Жара и пыль | страница 58
Карим сказал, что ему тоже пришлось избавиться от большинства сокровищ из дворца в Хатме. Оставить их там означало бы отдать на съедение белым муравьям и плесени. Там оставалась коллекция миниатюр, но она оказалась никому не нужна — даже описана не была, картины просто обернули тканью и отправили в подвальные помещения. Теперь, к сожалению, большинство вещей уже продано зарубежным покупателям, хотя некоторые из картин Карим сохранил, и не столько из-за их ценности, сколько ради семейных воспоминаний.
— Идемте, я вам покажу. — Он вскочил, грациозно распрямив длинные ноги, и повел меня в другую комнату. Это была довольно экзотичная гостиная, заполненная ковриками и расписной мебелью, но Карим сказал, что это просто каморка, где им с Китти иногда нравится отдыхать. Именно здесь, в золотой раме на красных обоях каморки Китти и Карима, я впервые увидела дворец Хатма. Его вид отличался от нынешнего, но, возможно, дело просто было в стиле художника. Все было украшено самоцветами: цветы в саду, капли воды в фонтане.

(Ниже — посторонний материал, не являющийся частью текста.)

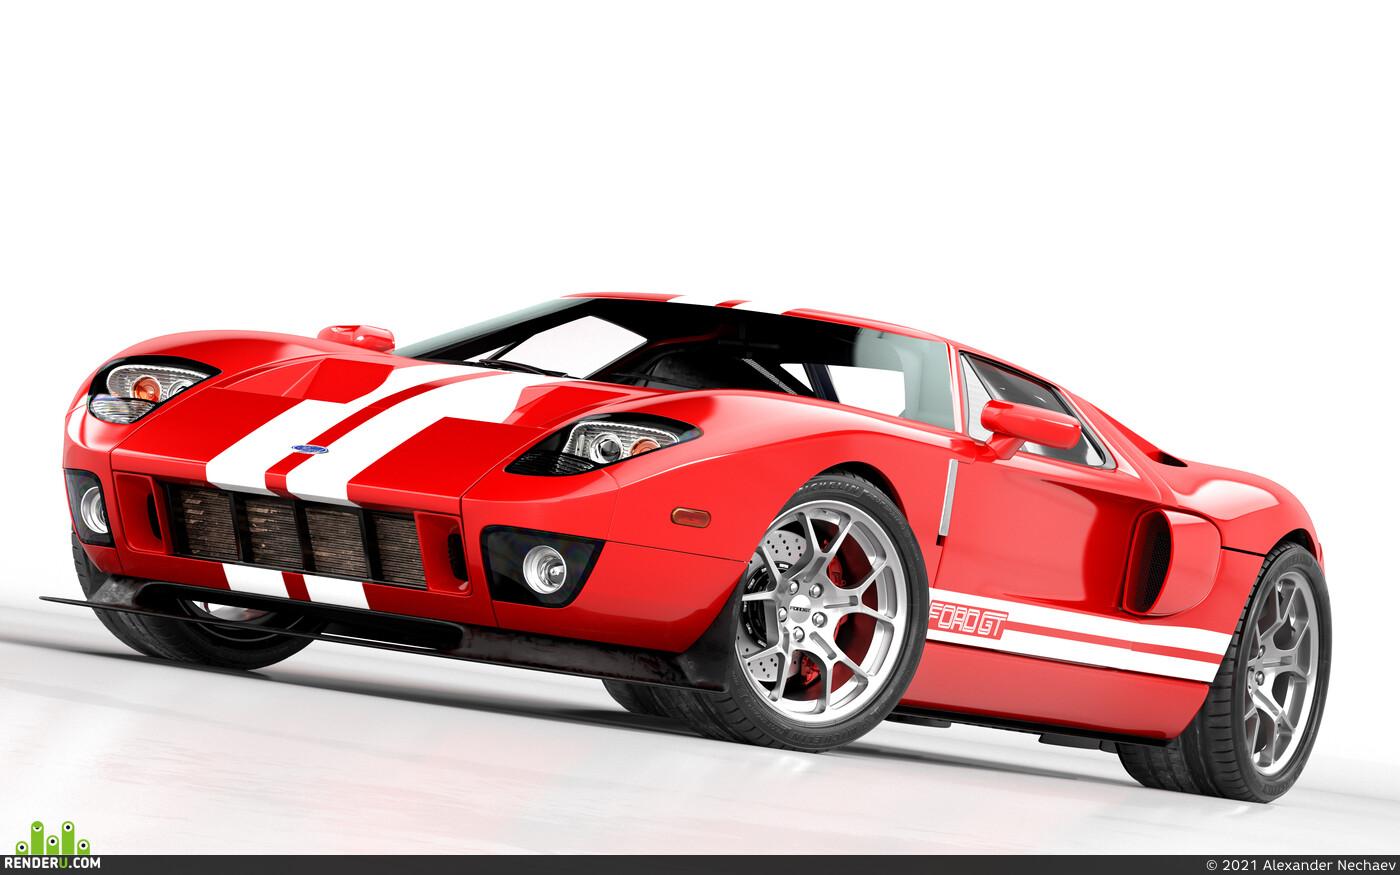 car, automotive, 3Dsmax, vrayrender

На картинах были изображены принцы и принцессы за различными приятными занятиями. Принцы походили на Карима, принцессы — на Китти. Все они были с ног до головы обвешаны драгоценностями. По словам Карима, большинство семейных драгоценностей исчезло очень давно; кстати говоря, сказал он, улыбаясь, именно Наваб, которым я так интересовалась, и несет ответственность за их исчезновение. Ему всегда недоставало денег, неважно каким способом добытых. Он вел довольно разгульный образ жизни и участвовал во множестве скандалов, говорят, даже (возможно, я слыхала?) была какая-то история с англичанкой, женой представителя английских властей.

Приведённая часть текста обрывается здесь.